Specifically, the baseline median Eczema Area and Severity Index (EASI) was 26.9. 54.5% of patients were considered severe, with a baseline Investigators Global Assessment (IGA) score of 4. At 16 weeks, a greater proportion of patients treated with CBP-201 achieved an IGA score of 0-1 (clear or almost clear skin) and a 2 point IGA reduction than those on placebo (30.3% vs. 7.5%), meeting the study’s primary endpoint. 62.9% percent of CBP-201 patients achieved a 75% skin clearance (EASI-75), versus 23.4% in the placebo group and 35.8% achieved EASI-90 (versus 6.3% for placebo). 46.7% of CBP-201 patients achieved a Peak Pruritus-Numerical Rating Scale (PP-NRS) reduction of 3 points, versus 16.7% on placebo, and 35.0% achieved a PP-NRS reduction of 4 points, versus 9.6% in the placebo group. CBP-201 appeared to be well tolerated.
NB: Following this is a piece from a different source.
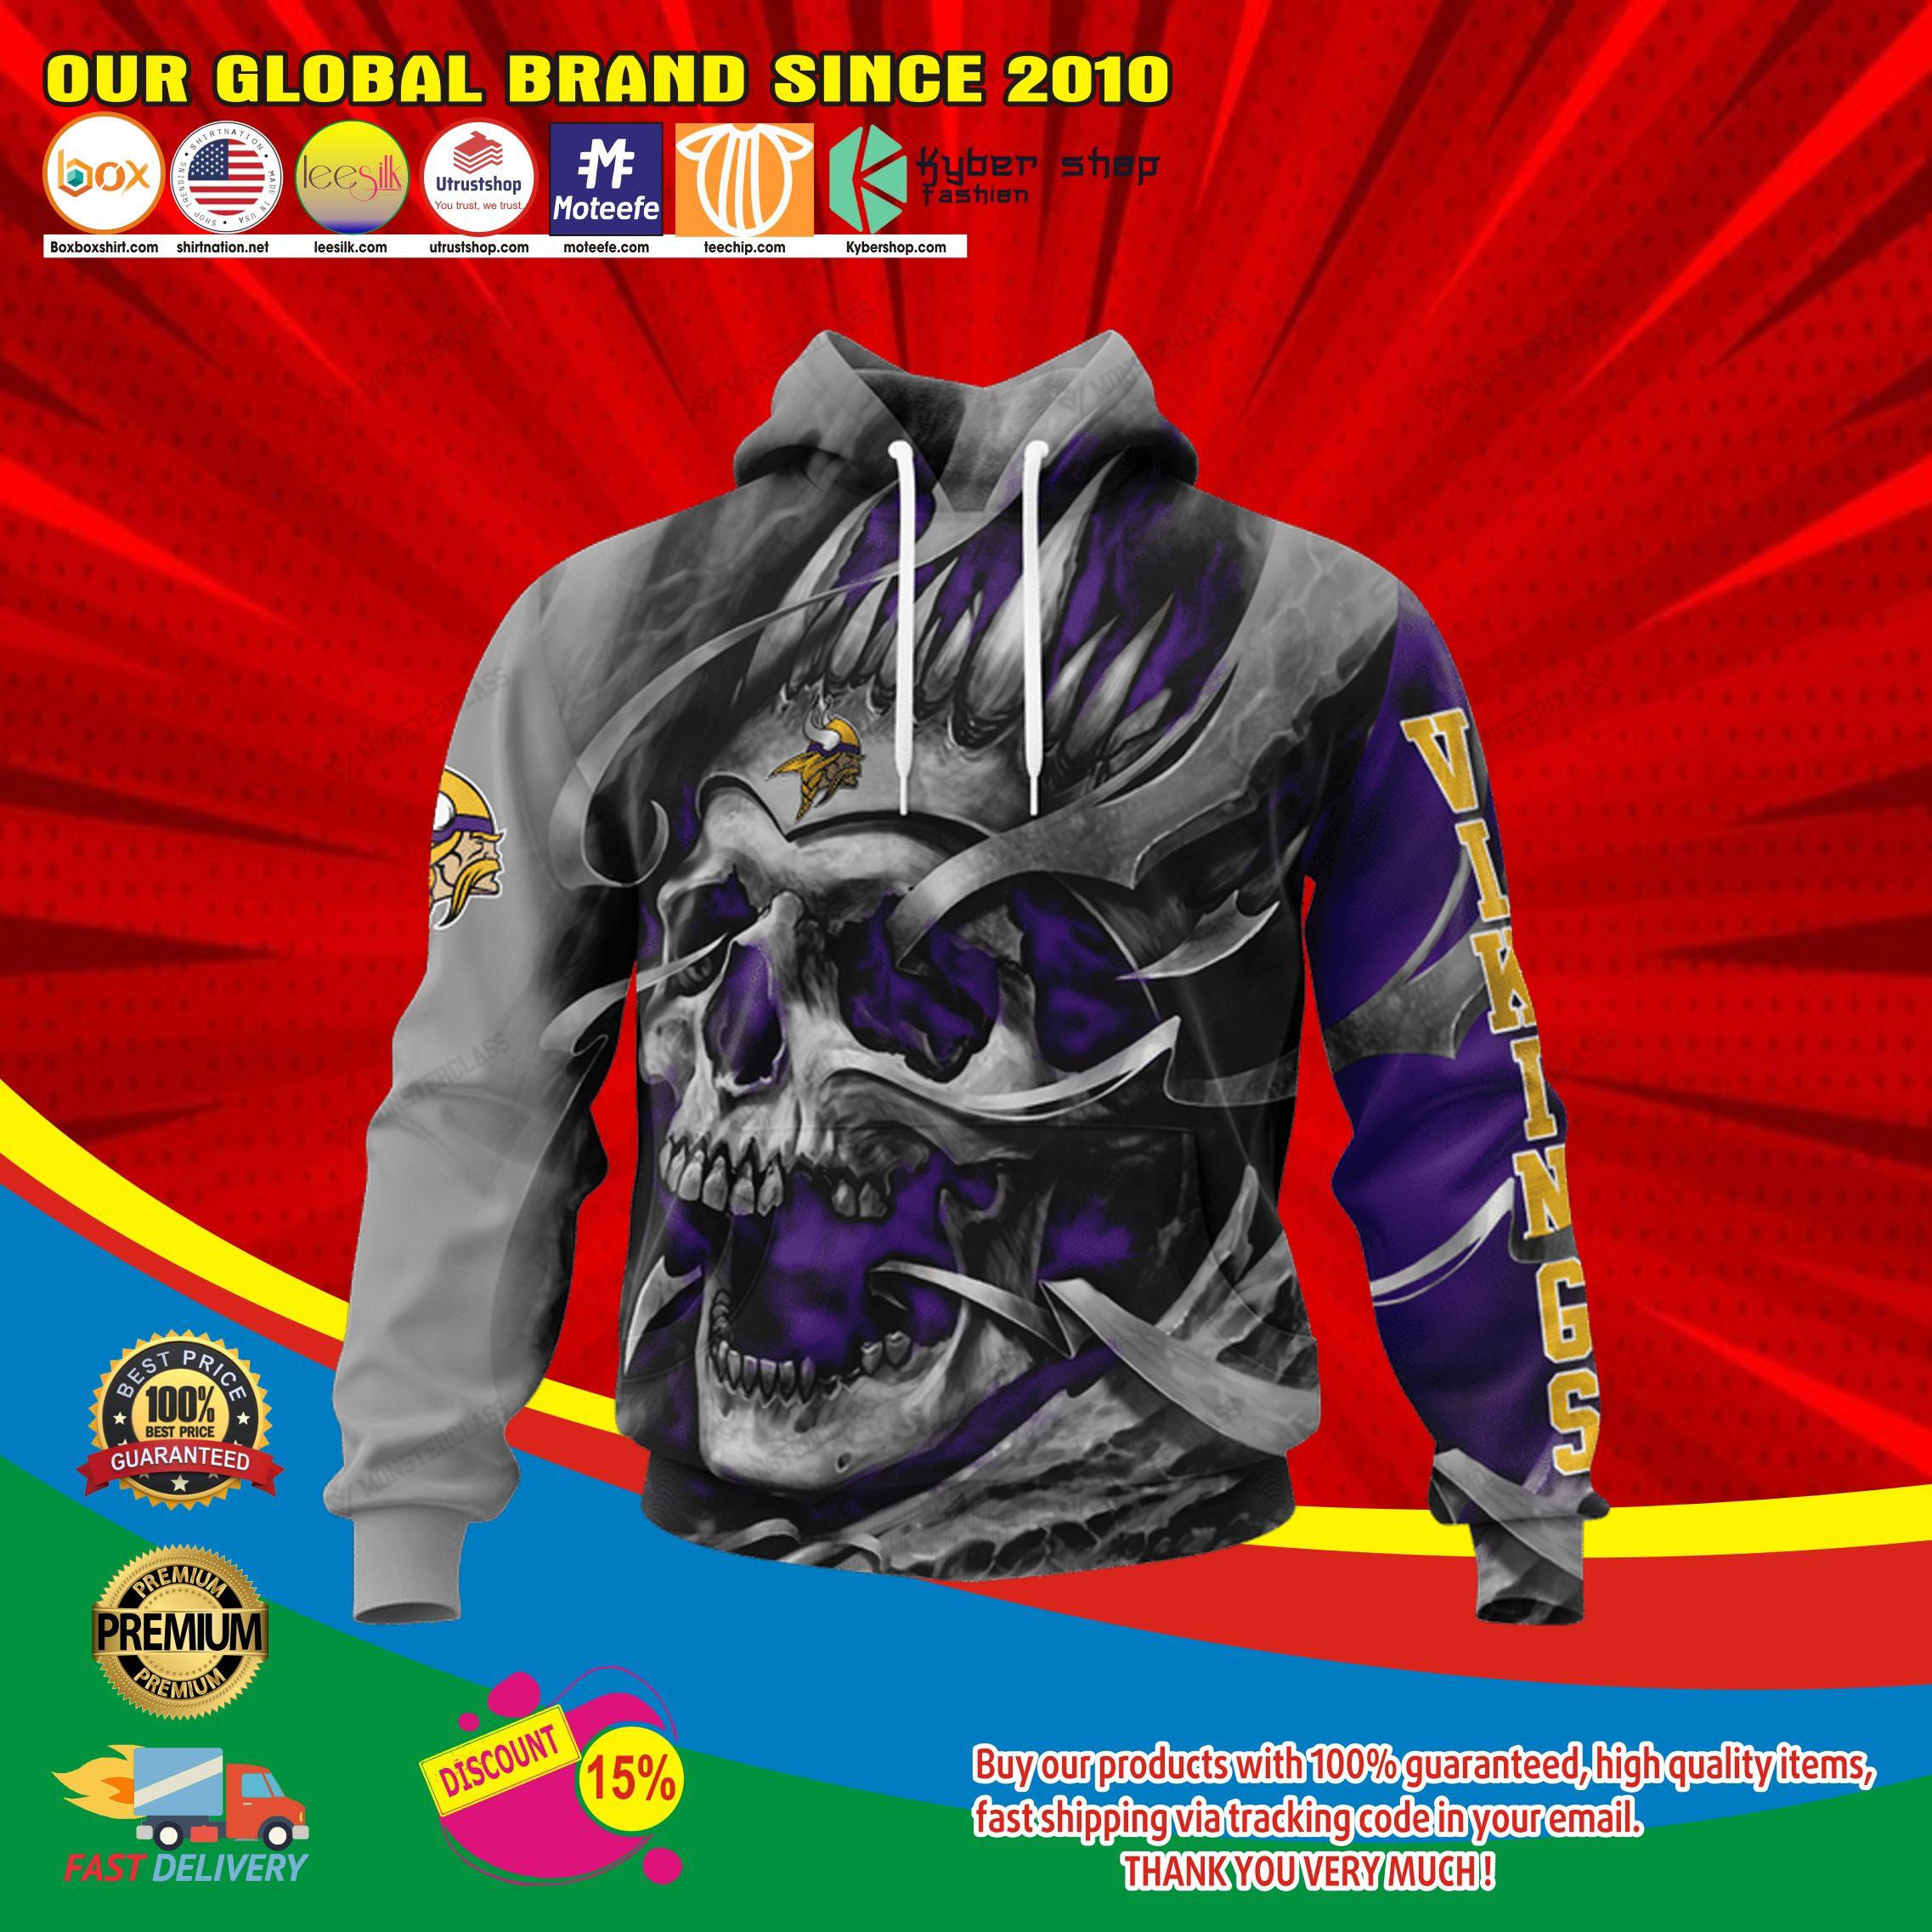 Minnesota viking skull jersey hoodie4

“We are honored to have data from our two CBP-201 atopic dermatitis studies at the prestigious American Academy of Dermatology Annual Meeting, showing rapid and sustained relief,” said Zheng Wei, Ph.D., Co-founder and CEO of Connect Biopharma. “CBP-201 has a highly differentiated profile, which includes a higher binding affinity than other drugs in the class, higher potency and slower target-mediated drug elimination. We believe this could lead to a more flexible 4-week dosing schedule. We look forward to completing the 36-week maintenance data from our CBP-201 China trial, which includes a four-week dosing arm, to further develop this promising new treatment for moderate-to-severe atopic dermatitis, where the unmet need is high and patients have limited dose regimen options.”